On Jan 6, 2012, at 1:01pm, Oleg Kalnichevski wrote:

> On Fri, 2012-01-06 at 11:06 -0500, Dan Checkoway wrote:
>> Hello,
>> 
>> I have an app that needs to make concurrent HTTP requests to a web service
>> using persistent (keepalive) connections.  I'm using
>> ThreadSafeClientConnManager.  I ran into a performance bottleneck, and I
>> believe I've pinpointed the issue...
>> 
>> Affects Version(s): HttpCore 4.1.3, HttpClient 4.1.2
>> 
>> I construct my connection manager and client like this:
>> 
>>        connMgr = new
>> ThreadSafeClientConnManager(SchemeRegistryFactory.createDefault(), -1,
>> TimeUnit.MILLISECONDS);
>>        connMgr.setMaxTotal(400);
>>        connMgr.setDefaultMaxPerRoute(400);
>> 
>>        httpClient = new DefaultHttpClient(connMgr);
>> 
>> Note that this app only talks to a single URI on a single server -- thus
>> defaultMaxPerRoute == maxTotal, which I think is correct...please let me
>> know if that's bad!
>> 
>> Anyway, my app has a pool of 400 threads and generally performs quite
>> well.  But when all 400 threads need a connection concurrently, performance
>> suffers.  I've narrowed it down to contention caused by blocking calls in
>> the connection manager.  For example...a thread dump shows...
>> 
>> About half my threads are "stuck" (well, not stuck, but slow & waiting)
>> here:
>> 
>> "catalina-exec-347" daemon prio=10 tid=0x00007f3a54065000 nid=0x6b73
>> waiting on condition [0x00007f3a29b9a000]
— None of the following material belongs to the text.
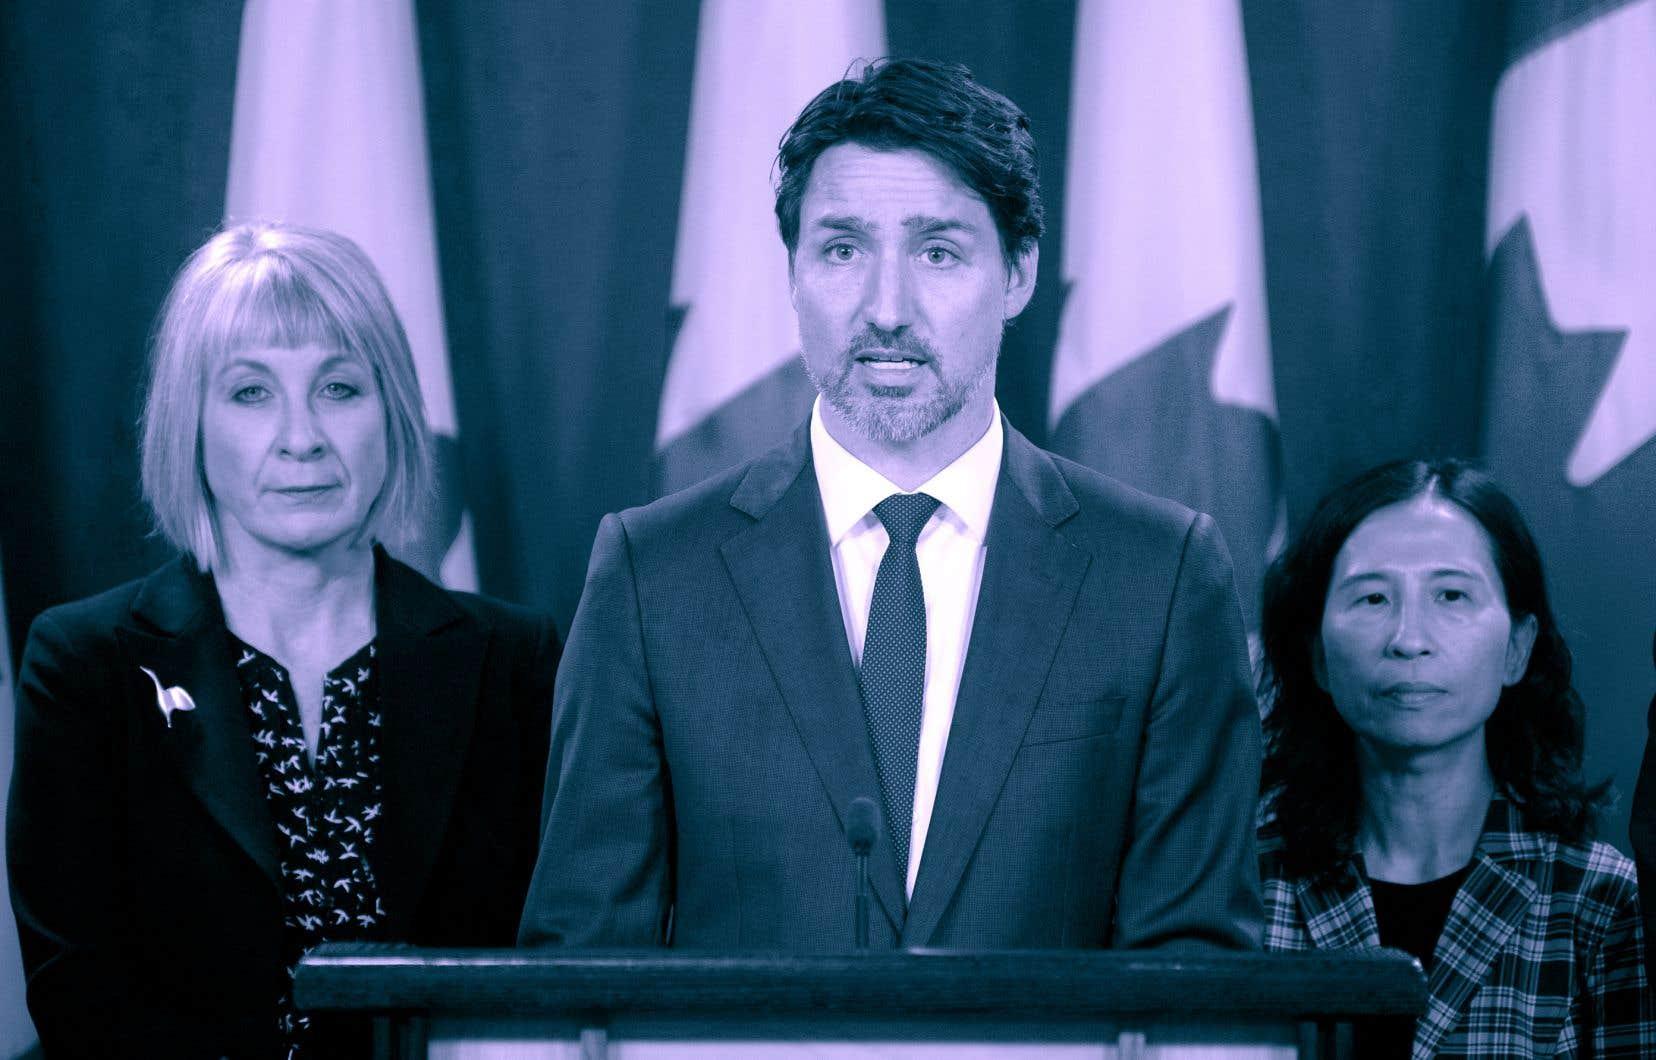 Le 11 mars 2020, Justin Trudeau a annoncé la création d'un fonds d'un milliard de dollars pour aider les provinces à traverser la crise de la COVID-19.

>>   java.lang.Thread.State: WAITING (parking)
>>    at sun.misc.Unsafe.park(Native Method)
>>    - parking to wait for  <0x00000006147c8318> (a
>> java.util.concurrent.locks.ReentrantLock$NonfairSync)
>>    at java.util.concurrent.locks.LockSupport.park(LockSupport.java:158)
>>    at
>> java.util.concurrent.locks.AbstractQueuedSynchronizer.parkAndCheckInterrupt(AbstractQueuedSynchronizer.java:811)
>>    at
>> java.util.concurrent.locks.AbstractQueuedSynchronizer.acquireQueued(AbstractQueuedSynchronizer.java:842)
>>    at
>> java.util.concurrent.locks.AbstractQueuedSynchronizer.acquire(AbstractQueuedSynchronizer.java:1178)
>>    at
>> java.util.concurrent.locks.ReentrantLock$NonfairSync.lock(ReentrantLock.java:186)
>>    at java.util.concurrent.locks.ReentrantLock.lock(ReentrantLock.java:262)
>>    at
>> org.apache.http.impl.conn.tsccm.ConnPoolByRoute.freeEntry(ConnPoolByRoute.java:438)
>>    at
>> org.apache.http.impl.conn.tsccm.ThreadSafeClientConnManager.releaseConnection(ThreadSafeClientConnManager.java:276)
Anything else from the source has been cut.